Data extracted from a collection

+++

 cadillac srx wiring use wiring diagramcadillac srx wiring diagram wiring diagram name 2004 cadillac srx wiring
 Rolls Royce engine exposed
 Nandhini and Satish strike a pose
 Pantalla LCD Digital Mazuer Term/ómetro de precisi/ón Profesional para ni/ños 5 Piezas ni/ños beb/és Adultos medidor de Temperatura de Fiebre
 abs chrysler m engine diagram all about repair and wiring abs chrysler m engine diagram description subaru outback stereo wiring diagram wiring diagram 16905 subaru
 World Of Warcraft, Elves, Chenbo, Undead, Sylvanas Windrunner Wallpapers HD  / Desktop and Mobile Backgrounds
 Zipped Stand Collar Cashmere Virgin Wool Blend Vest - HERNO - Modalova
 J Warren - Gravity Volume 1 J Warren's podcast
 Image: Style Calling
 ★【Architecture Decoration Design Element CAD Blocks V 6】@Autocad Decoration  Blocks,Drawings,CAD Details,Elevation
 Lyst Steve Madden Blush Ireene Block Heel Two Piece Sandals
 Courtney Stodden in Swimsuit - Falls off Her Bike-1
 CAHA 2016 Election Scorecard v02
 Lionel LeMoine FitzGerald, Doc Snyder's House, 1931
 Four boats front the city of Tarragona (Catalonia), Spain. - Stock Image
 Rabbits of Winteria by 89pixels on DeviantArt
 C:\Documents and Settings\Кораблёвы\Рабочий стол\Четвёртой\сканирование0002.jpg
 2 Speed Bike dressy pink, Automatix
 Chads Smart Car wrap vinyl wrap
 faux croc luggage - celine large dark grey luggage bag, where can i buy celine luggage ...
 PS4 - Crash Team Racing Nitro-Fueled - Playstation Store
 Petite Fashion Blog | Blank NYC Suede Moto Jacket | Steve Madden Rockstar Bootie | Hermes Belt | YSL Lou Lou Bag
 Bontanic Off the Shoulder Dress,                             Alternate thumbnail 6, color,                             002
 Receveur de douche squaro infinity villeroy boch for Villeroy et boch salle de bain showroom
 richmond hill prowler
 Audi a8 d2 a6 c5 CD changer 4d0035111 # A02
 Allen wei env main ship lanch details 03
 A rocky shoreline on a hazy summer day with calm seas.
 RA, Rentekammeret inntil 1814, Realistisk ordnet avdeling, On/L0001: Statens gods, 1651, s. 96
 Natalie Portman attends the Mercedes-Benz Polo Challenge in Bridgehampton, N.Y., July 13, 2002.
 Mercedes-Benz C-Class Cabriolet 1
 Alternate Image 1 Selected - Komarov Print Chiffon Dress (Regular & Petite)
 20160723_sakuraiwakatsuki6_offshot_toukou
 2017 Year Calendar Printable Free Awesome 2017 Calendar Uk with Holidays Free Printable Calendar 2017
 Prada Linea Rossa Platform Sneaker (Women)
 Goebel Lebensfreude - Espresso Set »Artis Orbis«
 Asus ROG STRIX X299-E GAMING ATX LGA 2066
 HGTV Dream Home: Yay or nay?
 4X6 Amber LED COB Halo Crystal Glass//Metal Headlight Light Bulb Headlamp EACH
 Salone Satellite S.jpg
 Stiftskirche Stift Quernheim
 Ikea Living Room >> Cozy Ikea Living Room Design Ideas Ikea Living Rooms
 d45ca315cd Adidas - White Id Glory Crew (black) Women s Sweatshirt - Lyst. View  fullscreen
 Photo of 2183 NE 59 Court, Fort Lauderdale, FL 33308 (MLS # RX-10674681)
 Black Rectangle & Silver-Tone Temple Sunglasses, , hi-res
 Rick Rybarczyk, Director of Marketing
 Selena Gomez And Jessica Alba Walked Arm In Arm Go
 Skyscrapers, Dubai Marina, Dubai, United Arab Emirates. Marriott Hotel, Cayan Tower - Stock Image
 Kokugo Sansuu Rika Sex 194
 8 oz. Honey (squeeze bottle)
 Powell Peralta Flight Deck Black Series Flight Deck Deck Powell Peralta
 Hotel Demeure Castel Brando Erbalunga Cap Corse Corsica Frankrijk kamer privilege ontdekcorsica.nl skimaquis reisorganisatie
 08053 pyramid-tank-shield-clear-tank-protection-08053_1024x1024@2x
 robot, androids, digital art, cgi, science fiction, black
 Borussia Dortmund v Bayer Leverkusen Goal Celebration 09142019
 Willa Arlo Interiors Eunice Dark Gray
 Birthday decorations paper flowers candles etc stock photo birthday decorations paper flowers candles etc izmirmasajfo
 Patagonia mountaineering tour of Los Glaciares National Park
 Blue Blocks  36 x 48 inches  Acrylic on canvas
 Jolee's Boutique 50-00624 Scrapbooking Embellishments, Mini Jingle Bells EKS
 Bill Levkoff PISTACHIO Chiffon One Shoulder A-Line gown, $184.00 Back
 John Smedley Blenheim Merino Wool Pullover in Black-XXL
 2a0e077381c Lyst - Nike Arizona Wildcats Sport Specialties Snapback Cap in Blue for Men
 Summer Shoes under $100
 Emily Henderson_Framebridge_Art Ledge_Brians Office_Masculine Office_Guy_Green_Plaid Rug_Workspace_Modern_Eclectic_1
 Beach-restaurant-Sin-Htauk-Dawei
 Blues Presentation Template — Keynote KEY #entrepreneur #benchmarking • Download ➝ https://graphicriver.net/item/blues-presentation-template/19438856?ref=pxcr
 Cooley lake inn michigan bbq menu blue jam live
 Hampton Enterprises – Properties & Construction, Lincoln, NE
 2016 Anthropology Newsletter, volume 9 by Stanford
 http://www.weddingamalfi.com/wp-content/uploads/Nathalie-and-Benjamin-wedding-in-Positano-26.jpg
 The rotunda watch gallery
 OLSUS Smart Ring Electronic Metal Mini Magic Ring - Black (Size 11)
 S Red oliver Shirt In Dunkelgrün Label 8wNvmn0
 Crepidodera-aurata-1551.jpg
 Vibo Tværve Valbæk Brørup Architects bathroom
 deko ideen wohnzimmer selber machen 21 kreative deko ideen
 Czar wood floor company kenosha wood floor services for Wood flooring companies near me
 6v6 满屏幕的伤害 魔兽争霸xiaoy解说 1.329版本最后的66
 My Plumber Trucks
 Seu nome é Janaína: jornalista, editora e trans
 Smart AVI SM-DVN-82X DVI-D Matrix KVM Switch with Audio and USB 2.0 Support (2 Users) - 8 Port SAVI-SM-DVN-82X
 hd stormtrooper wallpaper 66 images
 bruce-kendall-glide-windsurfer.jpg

+++

* [Work instructions]: Only lines with the word "diagram" are wanted. Find and copy them from the records above.

* [Solution for this task]:
 cadillac srx wiring use wiring diagramcadillac srx wiring diagram wiring diagram name 2004 cadillac srx wiring
 abs chrysler m engine diagram all about repair and wiring abs chrysler m engine diagram description subaru outback stereo wiring diagram wiring diagram 16905 subaru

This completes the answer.